=== DATA IN THIS EXERCISE ===
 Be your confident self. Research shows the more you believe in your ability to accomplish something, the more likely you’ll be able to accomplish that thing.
===
=== DATA IN THIS EXERCISE ===
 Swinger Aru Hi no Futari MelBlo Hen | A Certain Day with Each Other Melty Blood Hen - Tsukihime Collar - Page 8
===
=== DATA IN THIS EXERCISE ===
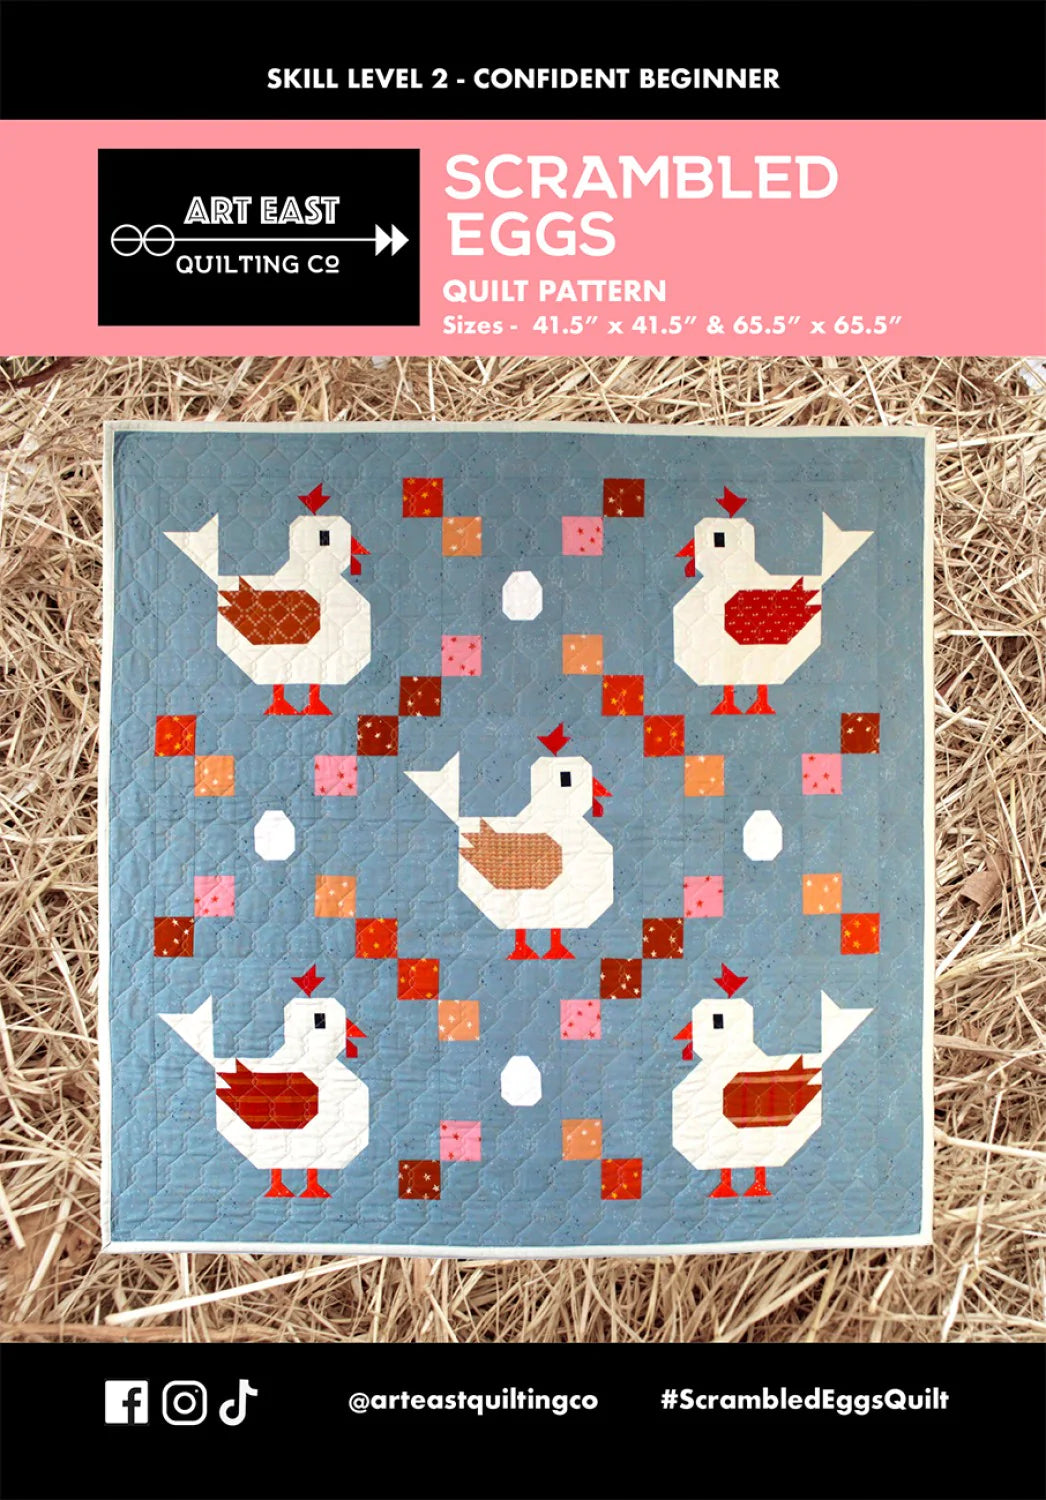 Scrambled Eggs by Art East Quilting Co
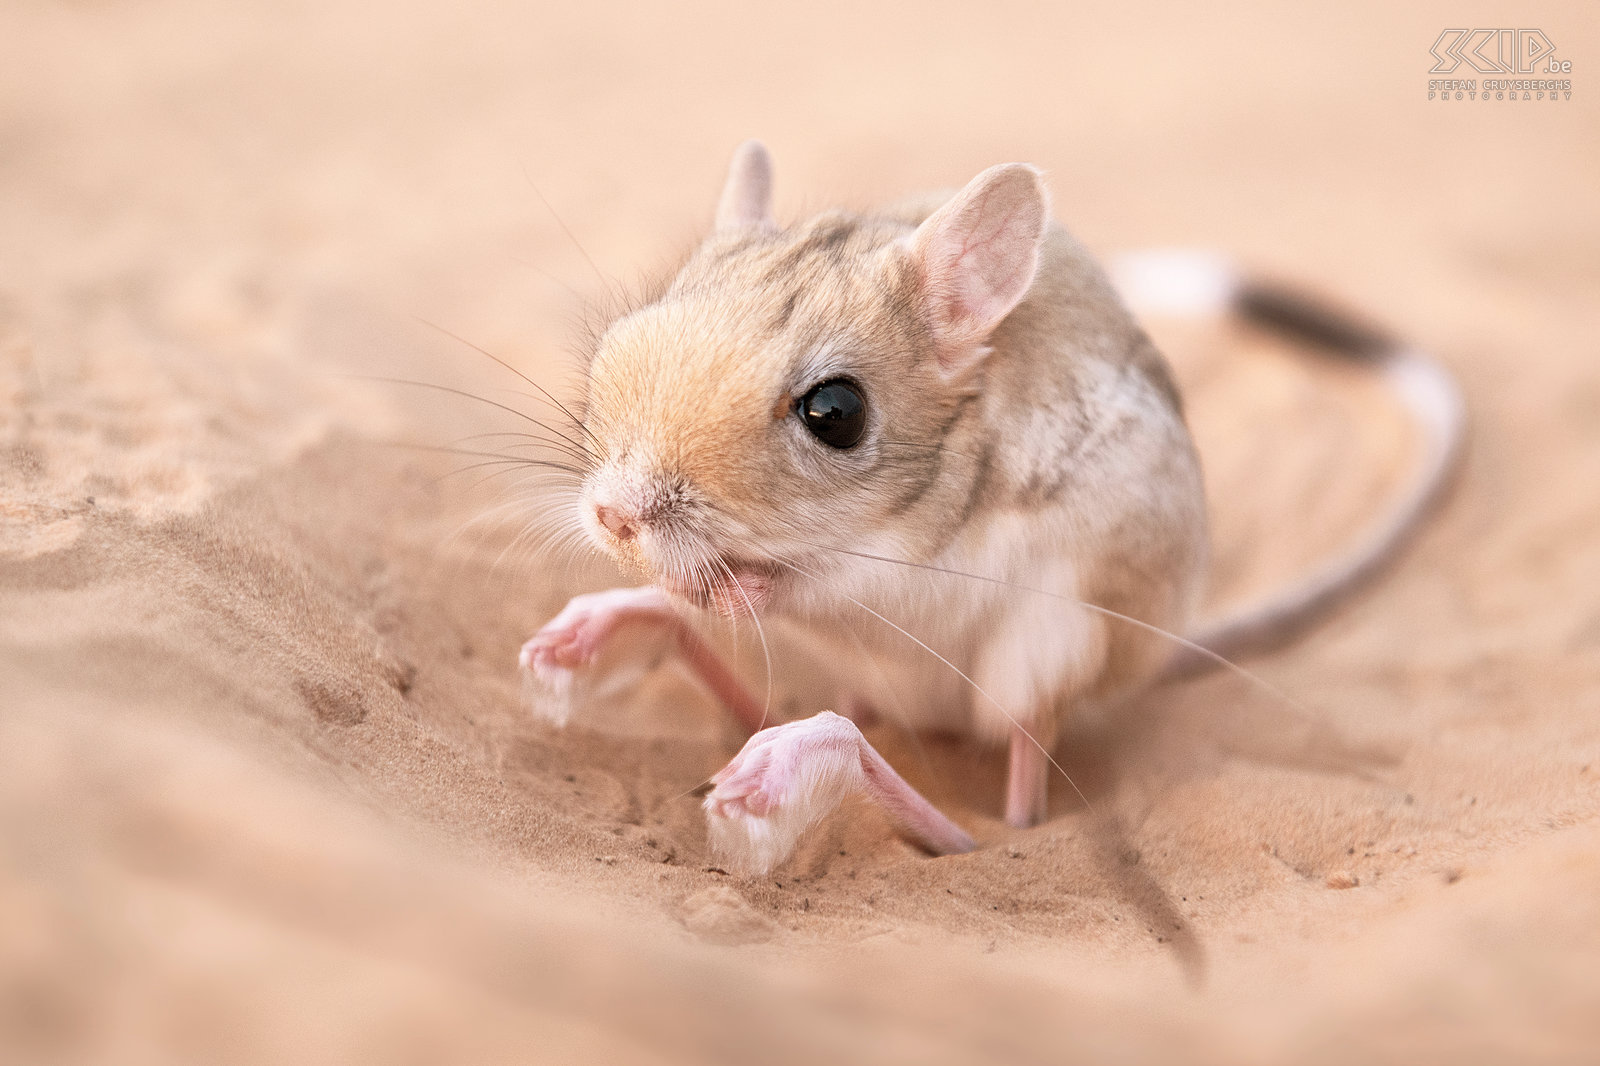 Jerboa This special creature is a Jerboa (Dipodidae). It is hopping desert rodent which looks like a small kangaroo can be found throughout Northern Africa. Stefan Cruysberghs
===
EXERCISE BRIEF :: Output only the lines above from the line that holds "Scrambled Eggs by Art East Quilting Co" through the line that holds "Jerboa This special", both ends included, and exclude pictures.

EXERCISE ANSWER ::
 Scrambled Eggs by Art East Quilting Co
 Jerboa This special creature is a Jerboa (Dipodidae). It is hopping desert rodent which looks like a small kangaroo can be found throughout Northern Africa. Stefan Cruysberghs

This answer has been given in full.